When I built a policy module with the latest selinux-policy-devel (3.0.5-1),
the Makefile didn't enable the MLS/MCS switch.

We had to add "TYPE=mcs" option to avoid the problem.

----------------
[kaigai@masu policy]$ make NAME=targted -f /usr/share/selinux/devel/Makefile
Compiling targted sepostgresql module
/usr/bin/checkmodule:  loading policy configuration from tmp/sepostgresql.tmp
/usr/bin/checkmodule:  policy configuration loaded
/usr/bin/checkmodule:  writing binary representation (version 6) to tmp/sepostgresql.mod
Creating targted sepostgresql.pp policy package
rm tmp/sepostgresql.mod.fc tmp/sepostgresql.mod
[kaigai@masu policy]$ su
Password:
[root@masu policy]# /usr/sbin/semodule -i sepostgresql.pp
libsepol.link_modules: Tried to link in a non-MLS module with an MLS base.
libsemanage.semanage_link_sandbox: Link packages failed
/usr/sbin/semodule:  Failed!
[root@masu policy]#
----------------

I found the following differences between 3.0.4-1 and 3.0.5-1.
----------------
 # enable MLS if requested.
-ifneq ($(findstring -mls,$(TYPE)),)
+ifeq "$(TYPE)" "mls"
        M4PARAM += -D enable_mls
        CHECKPOLICY += -M
        CHECKMODULE += -M
 endif

 # enable MLS if MCS requested.
-ifneq ($(findstring -mcs,$(TYPE)),)
+ifeq "$(TYPE)" "mcs"
        M4PARAM += -D enable_mcs
        CHECKPOLICY += -M
        CHECKMODULE += -M
----------------

Because $(TYPE) is set as "$(NAME)${MCSFLAG}" in /usr/share/selinux/devel/Makefile,
the above blocks are skipped, then MLS/MCS is disabled.

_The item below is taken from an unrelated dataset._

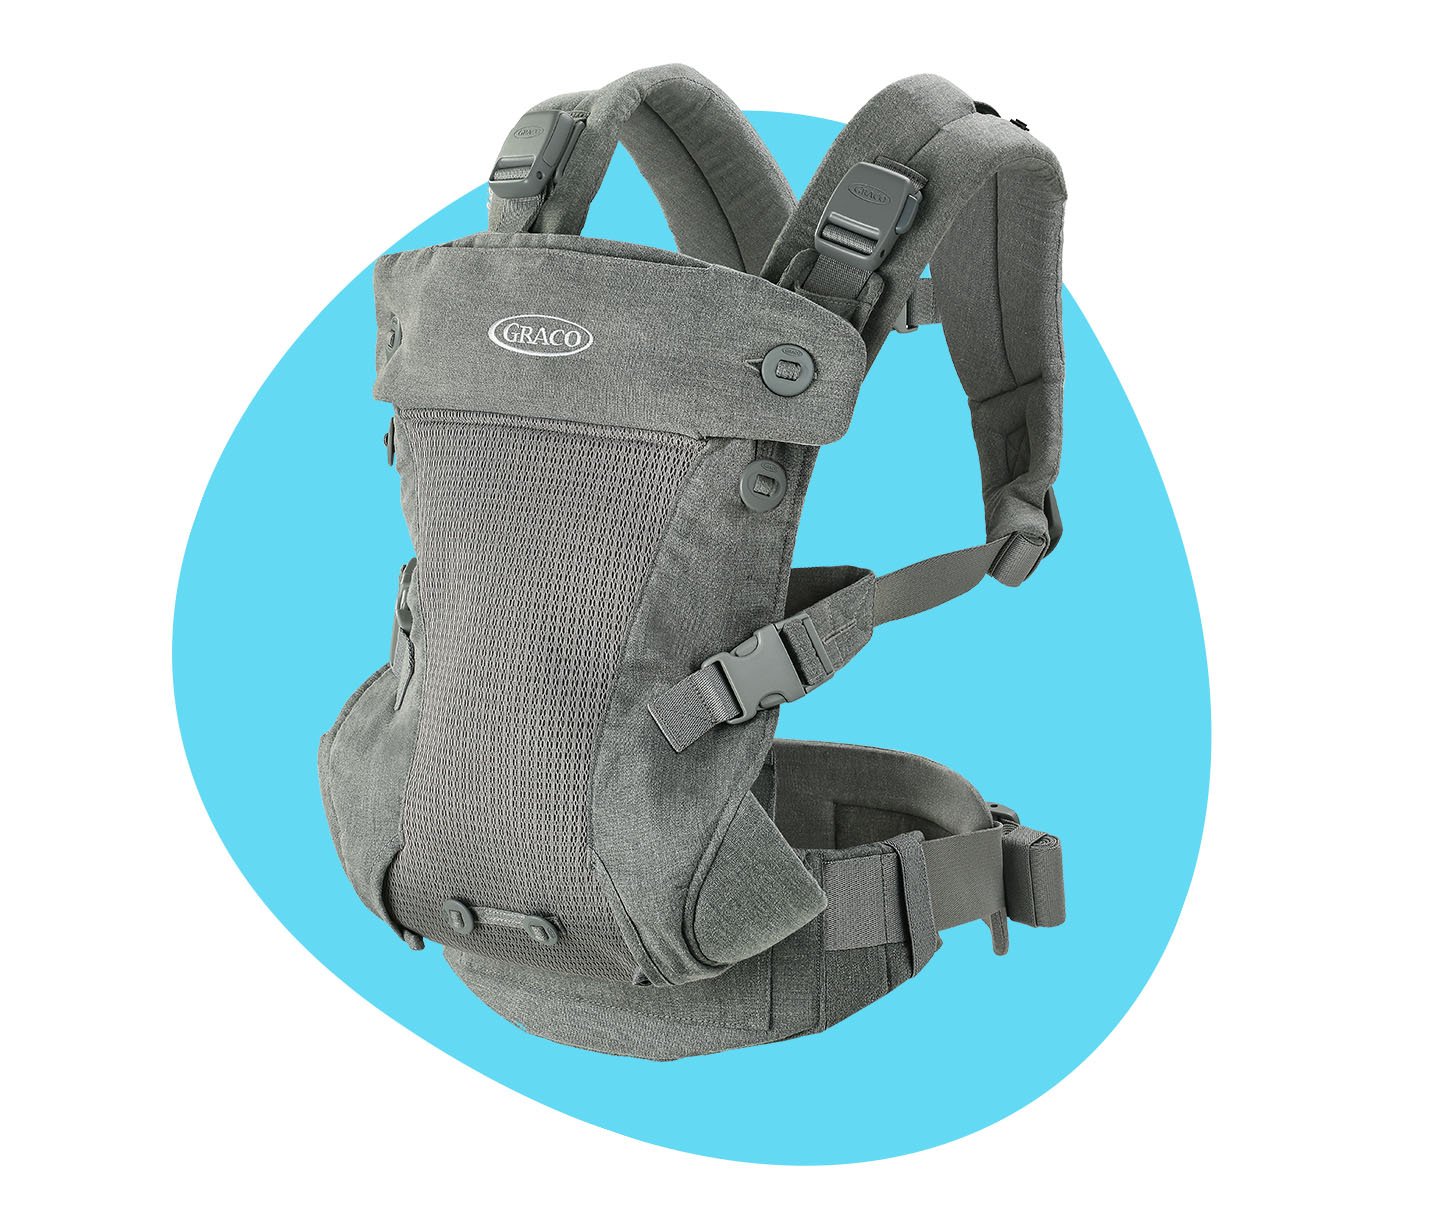 What Are the Types of Baby Carrier - Millan Baby Shop

I think the above blocks should be reverted.
-- 
OSS Platform Development Division, NEC
KaiGai Kohei <kaigai@ak.jp.nec.com>

--
fedora-selinux-list mailing list
fedora-selinux-list@redhat.com
https://www.redhat.com/mailman/listinfo/fedora-selinux-list
[prev in list] [next in list] [prev in thread] [next in thread]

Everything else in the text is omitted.